Hoe haat in mijn hart kwam
Na de oorlog stonden plotseling mijn vader, broertje en zusje op de stoep. Het waren voor mij totaal vreemde mensen. Ik beschouwde mijn pleegouders als mijn echte ouders. Mijn vader had tijdens de oorlog een vrouw uit het verzet leren kennen met wie hij later trouwde. Het veilige gezin waar ik uit was voortgekomen, was gebroken. Mijn ‘nieuwe’ moeder was verschrikkelijk. Later bleek dat ze zich bezighield met occulte praktijken.
In mijn tienerjaren ging het zo slecht dat ik met de gedachte speelde om een einde aan mijn leven te maken.
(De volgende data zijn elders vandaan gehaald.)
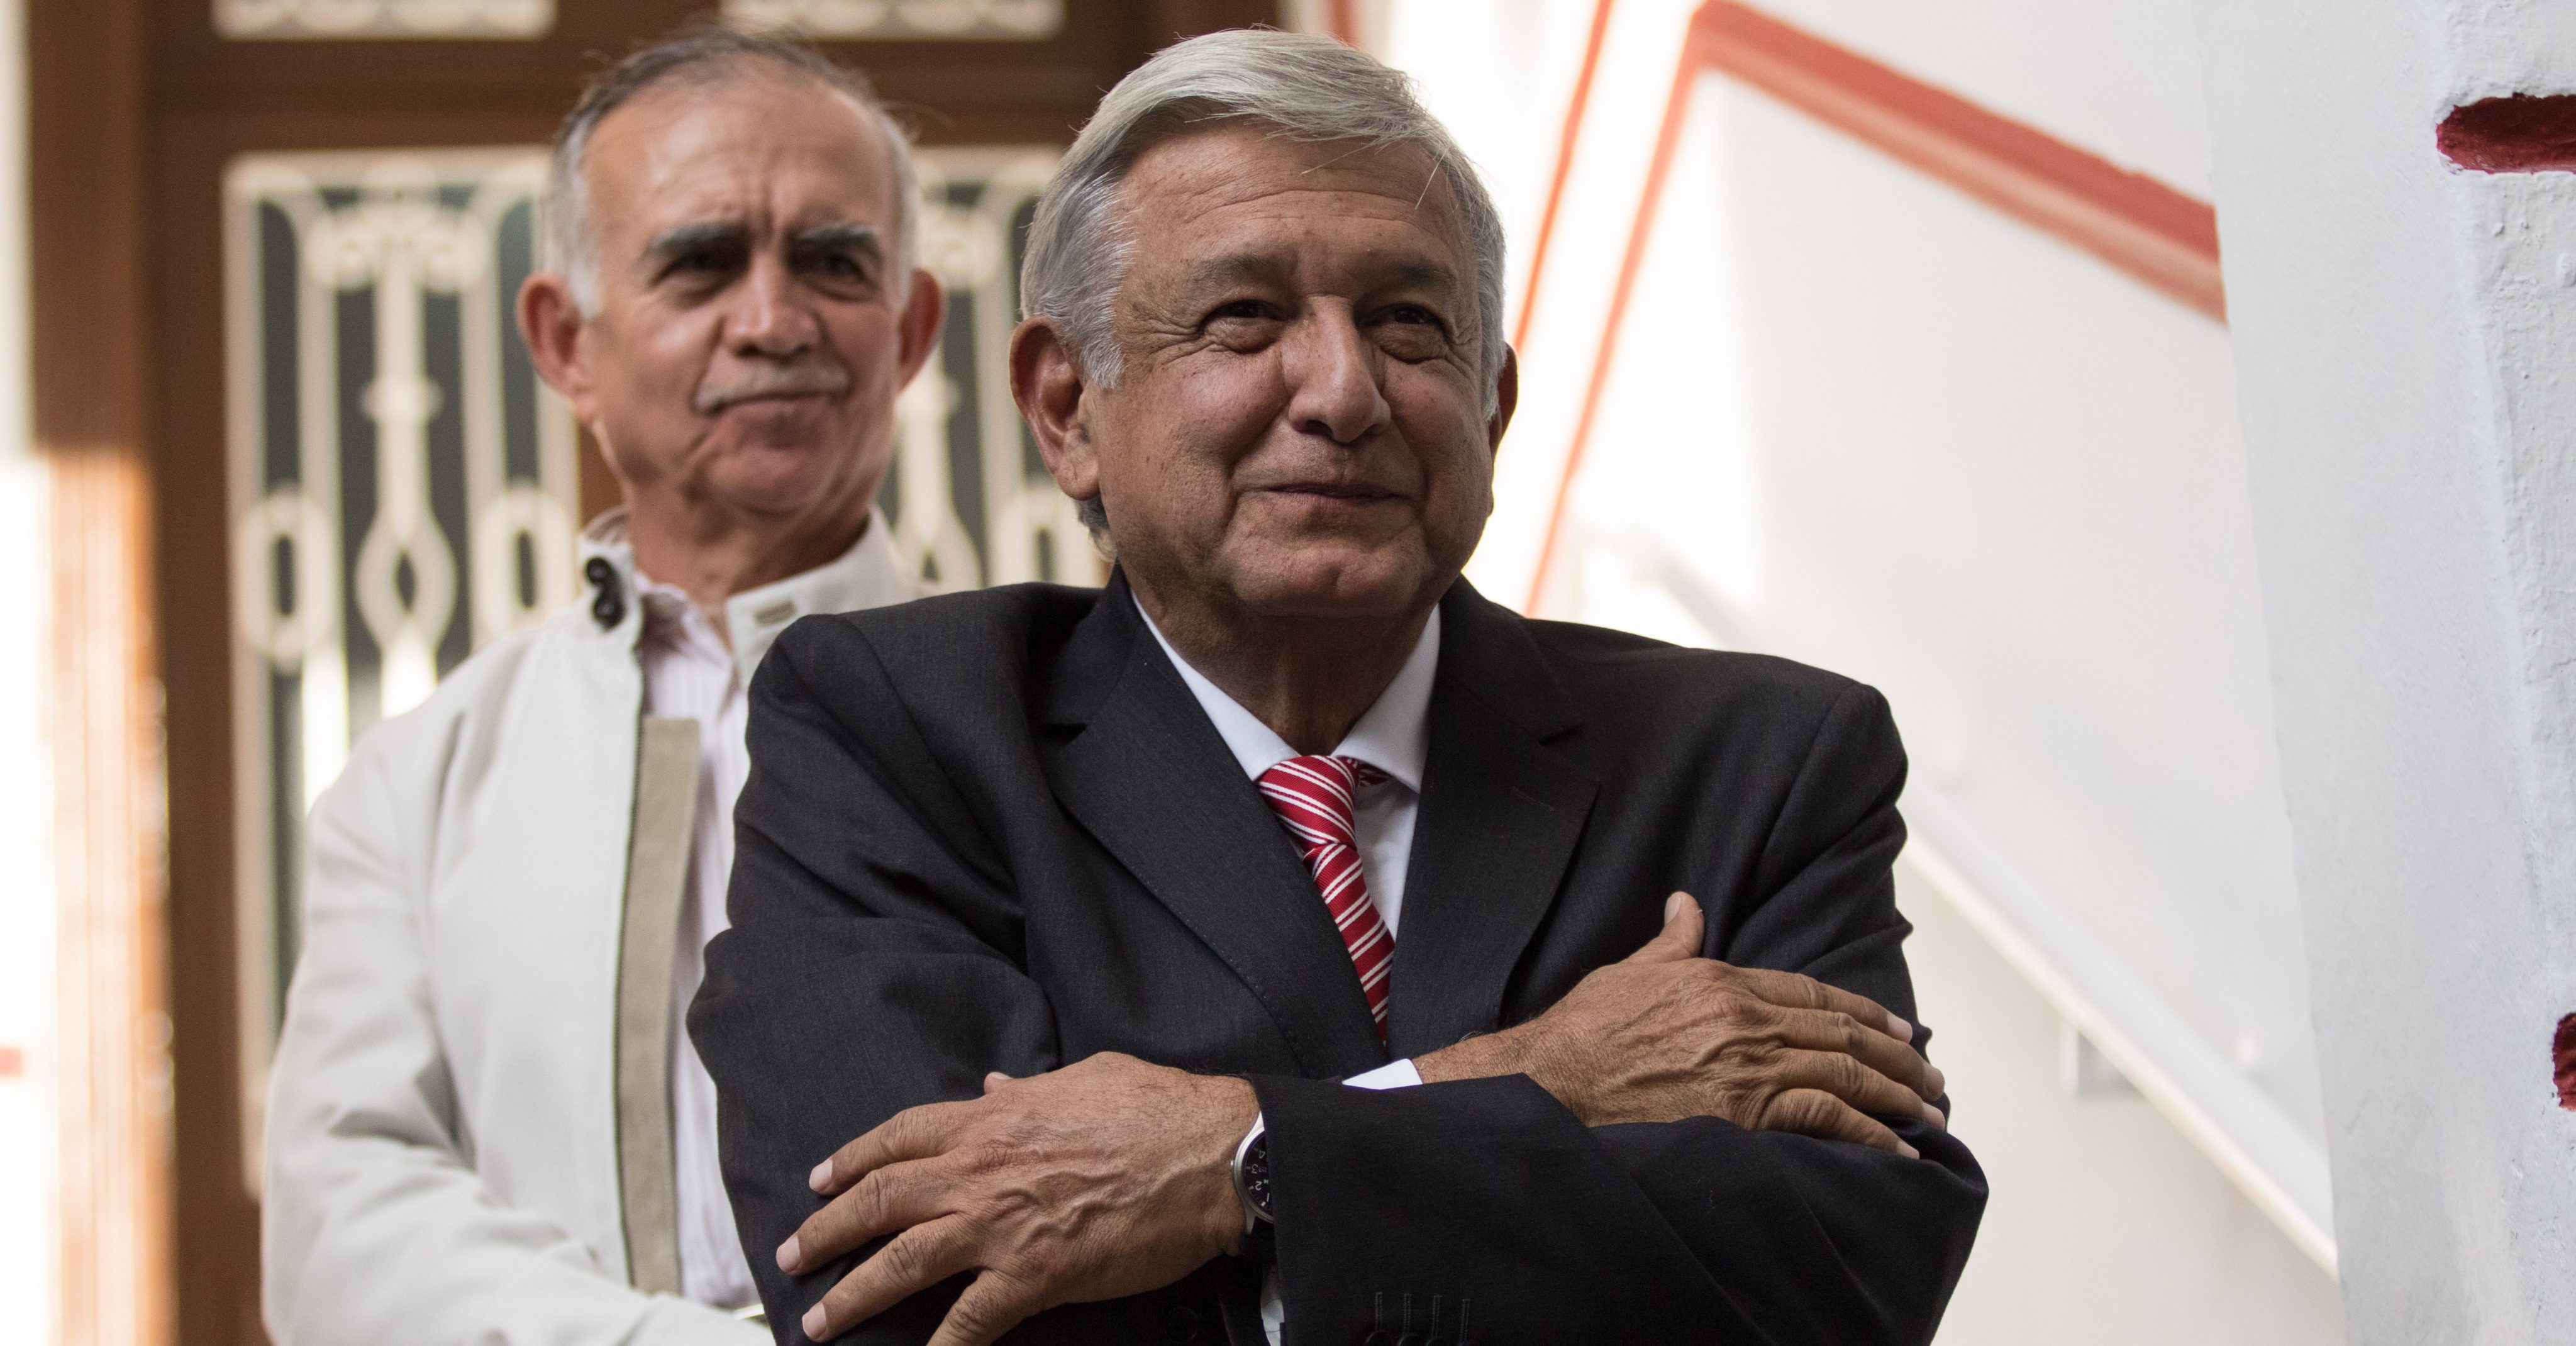 AMLO will have an Advisory Board composed of entrepreneurs

Naarmate ik ouder werd, kwam er steeds meer haat in mijn hart. Het obsedeerde mij zo, dat ik soms gewapend met een schaar in mijn tas op zoek ging naar de verraders van mijn familie. Het waren natuurlijk waanbeelden, maar het beheerste mijn leven zo erg dat ik hart- en maagklachten kreeg.
Je hebt God nodig!
Hoewel de haat steeds dieper wortelde, trouwde ik en kreeg kinderen. Mijn man was van christelijke huize. Op een dag kwam Theo, een vriend van hem, op bezoek. Theo zag mijn pijn en verdriet en zei: “Betty, je hebt God nodig in je leven”. Ik werd verschrikkelijk kwaad en zei: “Als God echt bestaat, dan had Hij op z’n minst mijn moeder mogen sparen! Als je nog een keer over Hem praat, hoef je hier nooit meer te komen!”.Theo zweeg, maar wat ik niet wist, was dat ze in Theo’s kerk actief voor mij gingen bidden. Een paar maanden later kwam Theo weer langs en zei: “Betty, God houdt echt van je. Wil je zo doorgaan met je leven?” We raakten aan de praat en aan het einde van het gesprek vroeg hij: “Je hebt niets te verliezen, waarom laat je God niet toe in je leven en kijk je of Hij echt bestaat? Mag ik met je bidden?” Omdat Theo zo puur en liefdevol was, liet ik het toe. Na zijn gebed zei ik: “Ik wil nu weleens weten of God echt van mij houdt. Ik wil een teken!”
Hij bestaat!
Mijn man en ik wilden heel graag op vakantie, maar in die tijd hadden we weinig geld. Iedere keer kwam God in mijn gedachten. “Ik daag Hem uit”, dacht ik en bad (eigenlijk vijandig): “Heere, als U echt bestaat, zorgt U dan dat wij op vakantie kunnen. Ik wil 300 gulden”. Ik zei maar een bedrag met de gedachte ‘dat gebeurt toch niet’. Toen de volgende morgen mijn man de post haalde, zat er een envelop tussen, waarop met prachtige sierletters ‘Betty’ stond geschreven. Ik dacht aan een uitnodiging voor een Tupperwareparty of iets dergelijks. Maar toen ik de envelop opende, stond ik perplex … 300 gulden! Ik viel ter plekke op mijn knieën en riep uit: “Hij bestaat, Hij bestaat!”.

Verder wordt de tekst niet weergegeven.